The opinion stating the reasons requiring the above judgment is reported under the style of Hall v. Conaway, ,252 S. W. 1105. After time for filing motion for rehearing had elapsed, appellee filed in said Court of Civil Appeals a motion for leave to file in said court a motion for rehearing praying that the judgment as to the liability of the surety company be made more explicit. This motion was denied.
The judgment as quoted became final, and, mandate not having issued and filed in the district court in time, became dormant.

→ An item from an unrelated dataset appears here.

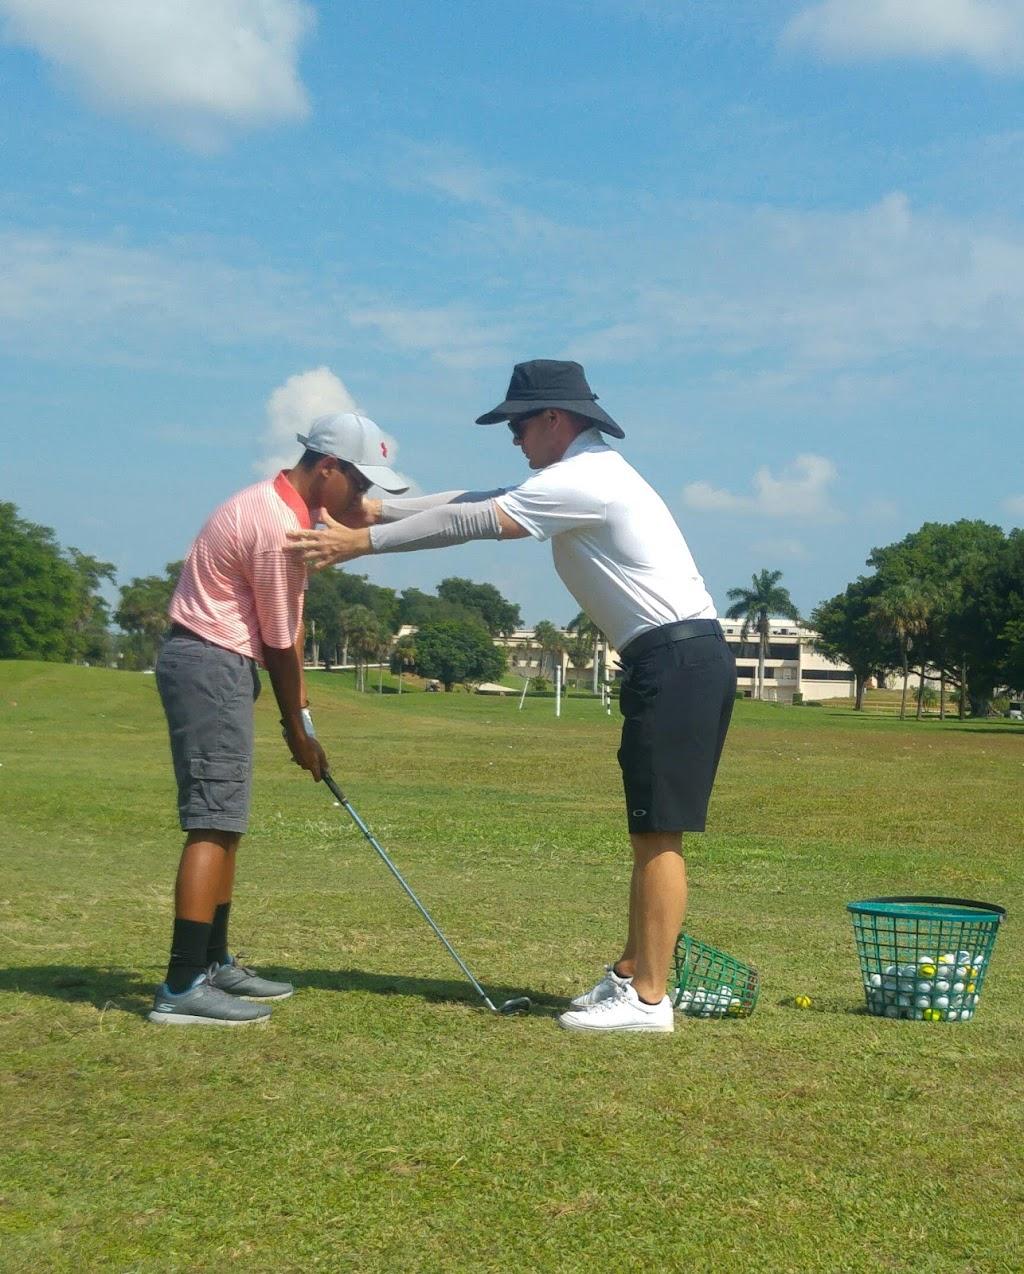 Duncan Smith Golf Instruction - school  | Photo 4 of 10 | Address: 7050 W Broward Blvd, Plantation, FL 33317, USA | Phone: (954) 854-2020

This suit was instituted by appellee against the present banking commissioner, American Surety Company and said bank. The petition is in two counts. In both, the proceedings set out above in substance were pleaded in detail and relief for the debt evidenced by the judgment was sought. In the first count it was alleged that no dividends to plaintiff as an unsecured creditor had been declared or paid-by the commissioner, and no authority had been sought by him from the district court of Comanche county to pay any, and prayed that such dividends be ascertained and decree in plaintiff’s favor therefor, with judgment and execution against the surety company for the balance of the judgment. In the second count, both the defunct bank and the surety company were sued on the superse-deas bond and judgment referred to as for debt. It was further alleged that the surety company was denying liability for the amount of the judgment against the bank, except.for such dividends as might be due from the assets of the bank, and was being supported in this contention by the Attorney General, and thus rendering it impossible for appellee to collect the judgment from the surety company, as provided for by statute (article 4935, Vernon’s Ann. Civ. St. Supp. 1922), and that plaintiff was being impeded in the collection of his judgment by the defendants.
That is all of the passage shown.